This excerpt taken from the ALNY 8-K filed Nov 4, 2009.
Item 1.01 Entry Into a Material Definitive Agreement.
In July 2007, Alnylam Pharmaceuticals, Inc. (the “Company”) and, for limited purposes, Alnylam Europe AG, entered into a license and collaboration agreement (the “LCA”) with F. Hoffmann-La Roche Ltd (“Roche Basel”) and Hoffmann-La Roche Inc. (together with Roche Basel, “Roche”). Under the LCA, the Company granted Roche a non-exclusive license to the Company’s intellectual property to develop and commercialize therapeutic products that function through RNA interference (“RNAi”), subject to the Company’s existing contractual obligations to third parties. Under the LCA, the Company and Roche also agreed to collaborate on the discovery of RNAi therapeutic products directed to one or more disease targets (“Discovery Collaboration”), subject to the Company’s existing contractual obligations to third parties. On October 29, 2009, the Company and Roche advanced their alliance to initiate this therapeutic collaboration stage.

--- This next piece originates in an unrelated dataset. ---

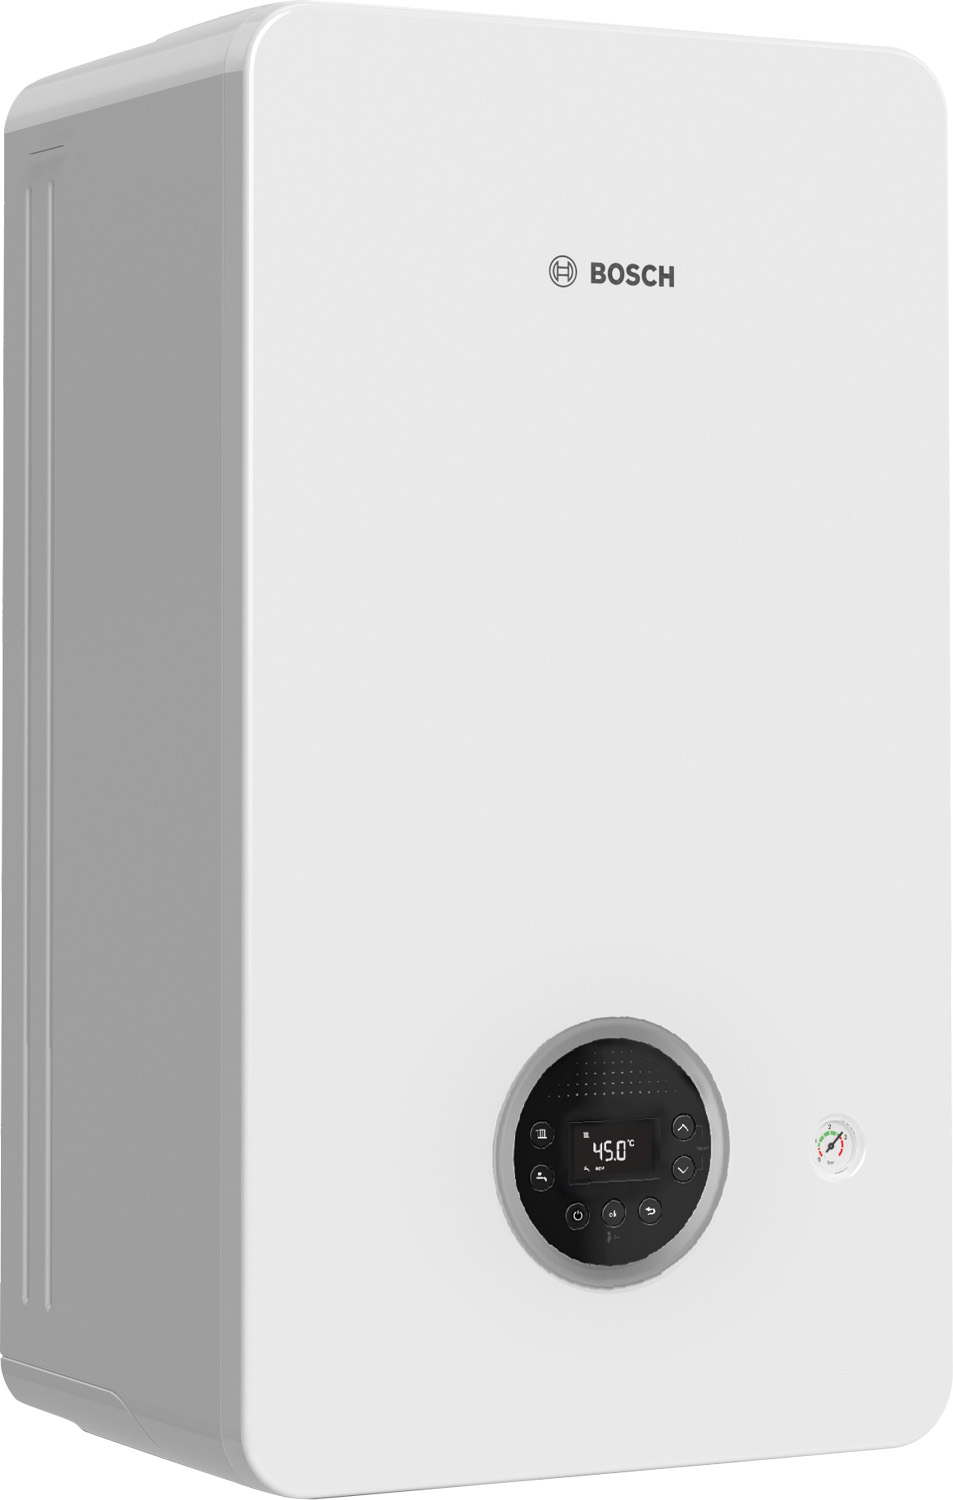 Газовый котел Bosch Condens GC2300iW 24/30 C 23 (7736902153) характеристики - фотография 7

Under this new phase of the collaboration, the Company and Roche will jointly collaborate on the discovery and development of specific RNAi therapeutic products and each party will contribute key delivery technologies in the effort, which is focused on specific disease targets. The Company and Roche intend to co-develop and co-commercialize RNAi therapeutic products in the U.S. market and the Company is eligible to receive additional milestone and royalty payments for products developed in the rest of the world, if any. After a pre-specified period of collaborative activities, each party will have the option to opt-out of the day-to-day development activities in exchange for reduced milestones and royalty payments in the future. The Discovery Collaboration will be governed by the joint steering committee that is comprised of an equal number of representatives from each party.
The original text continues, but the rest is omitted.